This is an issue with the upstream native bazel rules not rules_python. The problem is that the PYTHONPATH set by the python_stub_template is longer than the allowed system limits. You can try to set --noexperimental_python_import_all_repositories to avoid adding PYTHONPATH entries for all external repositories, but you may encounter issues with rules_docker, rules_k8s and others that rely on implicit repository imports. Another possible path forward would be to use https://github.com/aspect-build/rules_py which uses a site-packages based import system for python binaries IIRC.

hrfuller avatar Aug 19 '22 22:08 hrfuller

@hrfuller, the issue happens doesn't exist with rules_python version 0.9.0 but it does after that, with the same list of packages. I believe something did change in the refactor that happened after 0.9.0.

anuragkanungo avatar Aug 19 '22 22:08 anuragkanungo

Our team can confirm this behavior/bug in our environment, although we have yet to make an easily reproduceable and shareable example. rules_python version 0.10.0 throws the error while 0.9.0 does not. As pointed out, the issue isn't with one's python interpreter per say - despite the verbiage of the error - but rather the PYTHONPATH created (python_imports we believe on line ~294 of the generated script). We are not totally clear exactly what's going on, but it feels like both parties are correct here: something did change in rules python, but the thing actually throwing the error is from upstream native bazel.

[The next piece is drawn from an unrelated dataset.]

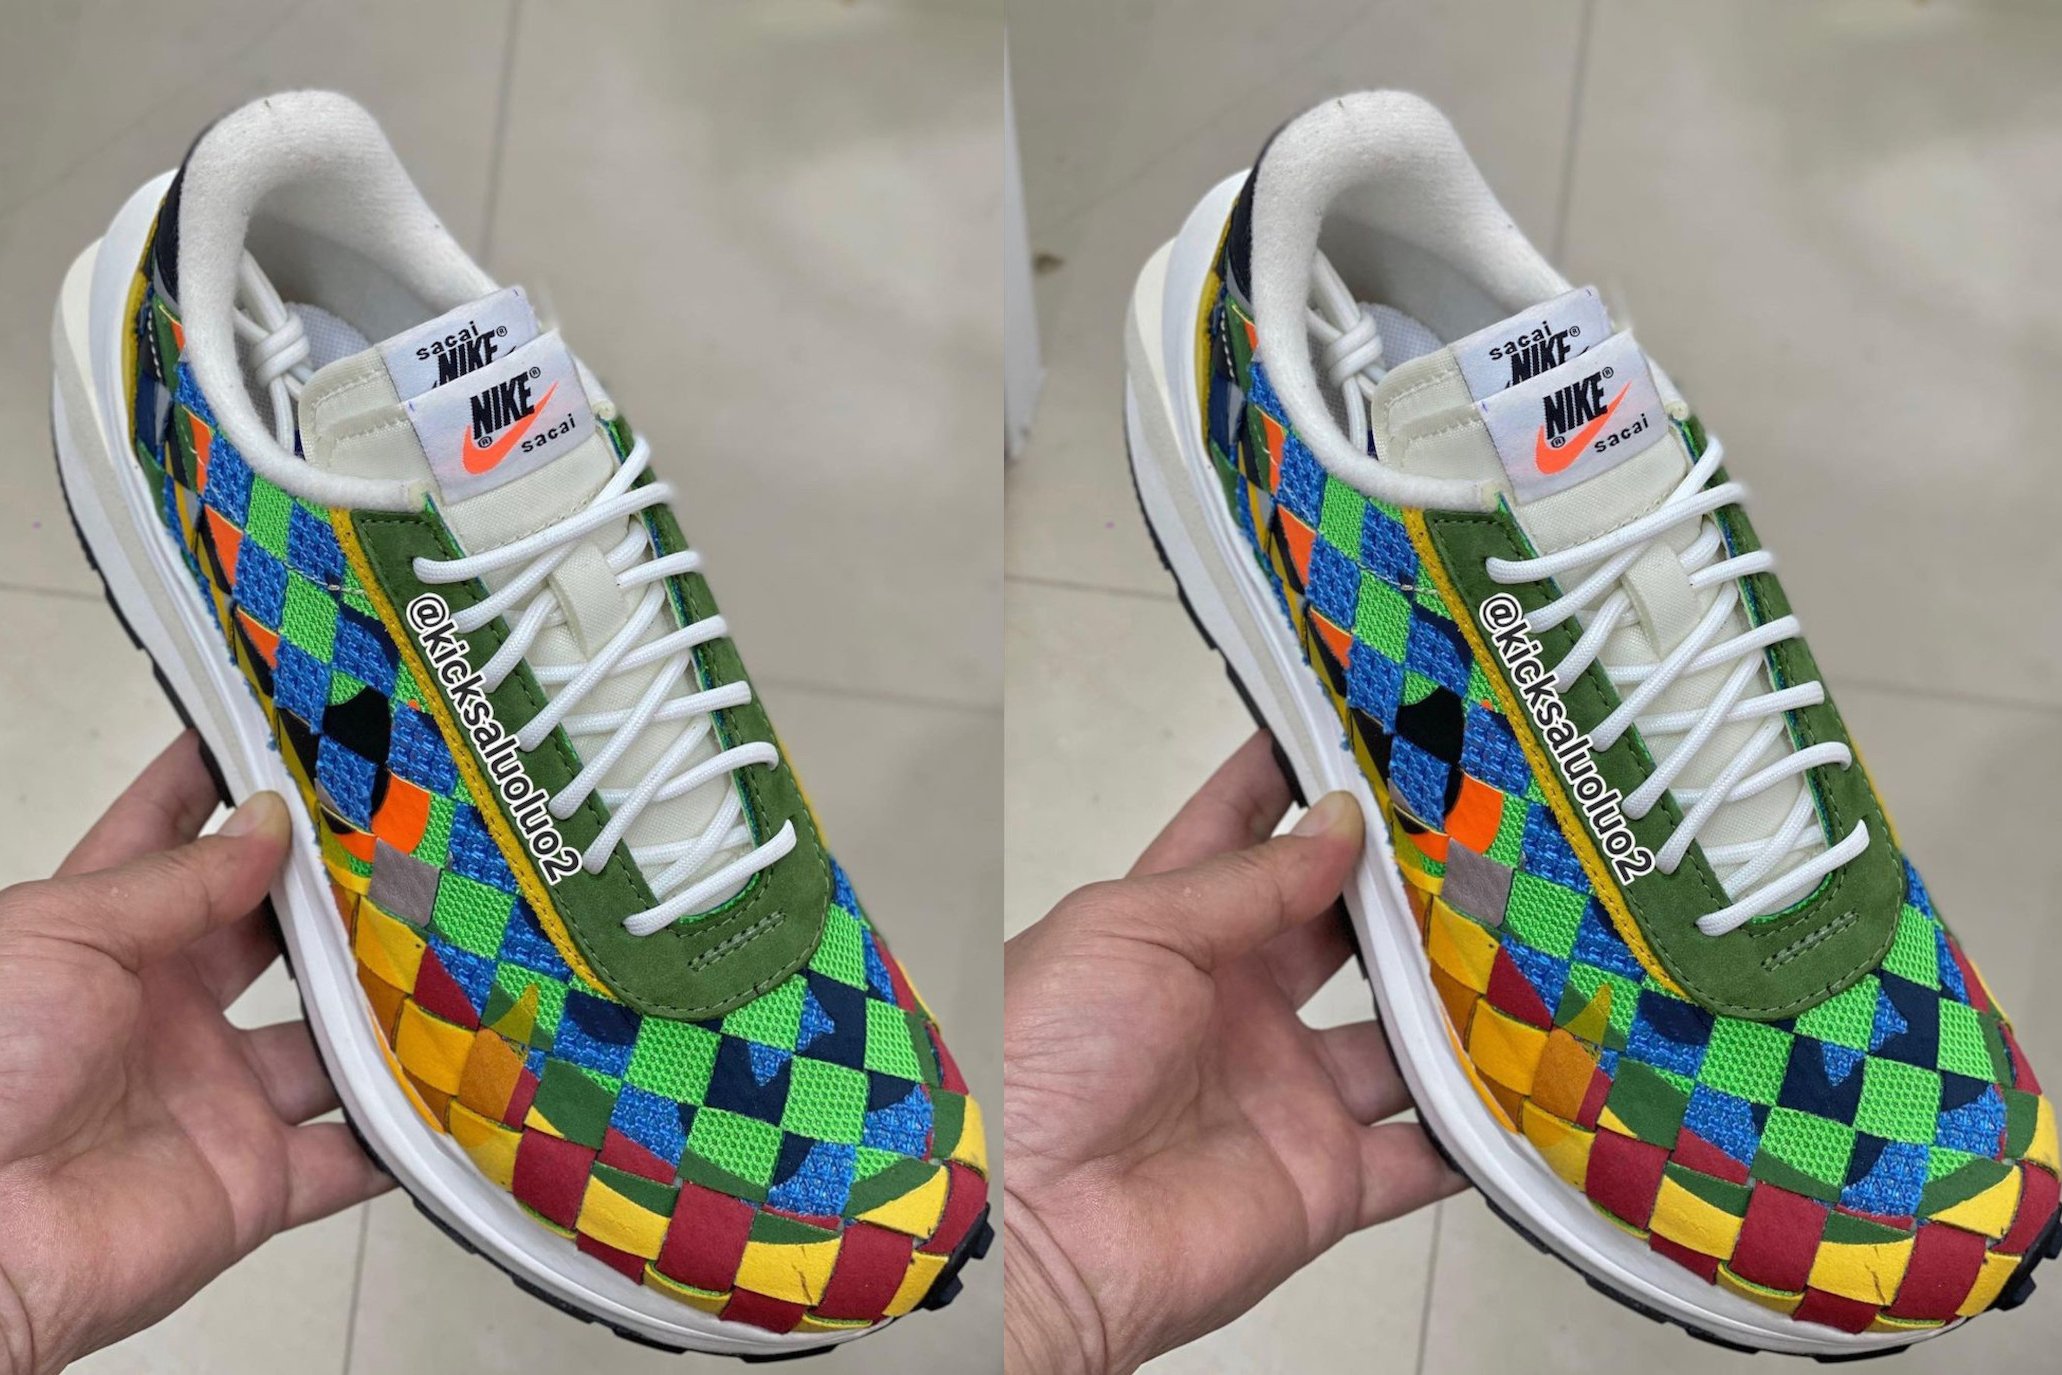 A “Multi-Color” sacai x Nike Waffle Woven Is on the Way

Additionally, the situation appears even more complicated and subtle as it depends on the host machine configuration (aka some VMs throw the error for some targets while others do not). We think this is related to perhaps different ulimits/max arg limits across machines with different memory amounts and settings. Having said that, our very large CI machines do exhibit the issue while some random developer VMs appear to not, so it's not strictly a "sizing" issue. If it were possible to simply update an OS setting without recompiling the kernel we would be happy with that as a reasonable solution.

Finally, for some background, our team does not use the all_requirements helper, but rather the error comes about naturally from our own unique codebase. We have about 450 external dependencies and maybe 100-200 first party apps/libraries in a monorepo. A representative failing target show roughly 25 first party --output=package dependencies and 200 or so third party external dependencies. These total to a roughly 14,000 character python_imports line which we think is what's causing the issue.

We'd love to help however possible with a fix. There are exciting features after 0.9.0 that we're eager to bring in to our codebase. We really appreciate the all the hard work from and for the community😄

el-gee avatar Sep 23 '22 19:09 el-gee

Some further updates.

  • my previous post was incorrect wrt the versions, 0.10.0 has the issue, 0.9.0 does not. Post edited for clarity
  • the offending commit seems to be https://github.com/bazelbuild/rules_python/commit/09457c7a3efc939a30ecd50b438c52354cd0588e . This was verified by running our tests against each commit in the 0.10.0 release and seeing when things started to fail.
  • still no easily shareable & reproduceable case sadly

We'll try to dig in more as to exactly what specifically could have caused this from the commit.

el-gee avatar Sep 26 '22 21:09 el-gee

Just for context, all_requirements is considered a bit of an anti-pattern. Is there a way for you to explicitly list your dependencies instead? Does the same error occur?

groodt avatar Sep 26 '22 21:09 groodt

@groodt I just read your comment https://github.com/bazelbuild/rules_python/pull/715#issuecomment-1152152023 and it seems very similar to our situation, except you get lucky and go just under the limit. As I mentioned in my ugly wall of text 🙃 we do not use the all_requirements helper but rather at least attempt to explicitly list our dependencies (understand there are others in the thread too however).

Really appreciate your time and efforts on this all!

el-gee avatar Sep 26 '22 21:09 el-gee

@groodt , on the all_requirements question, we use it to provide ipython or jupyter tooling for ML experimentation such that engineers don't have to predefine all the packages needed for experimentation, makes it very useful.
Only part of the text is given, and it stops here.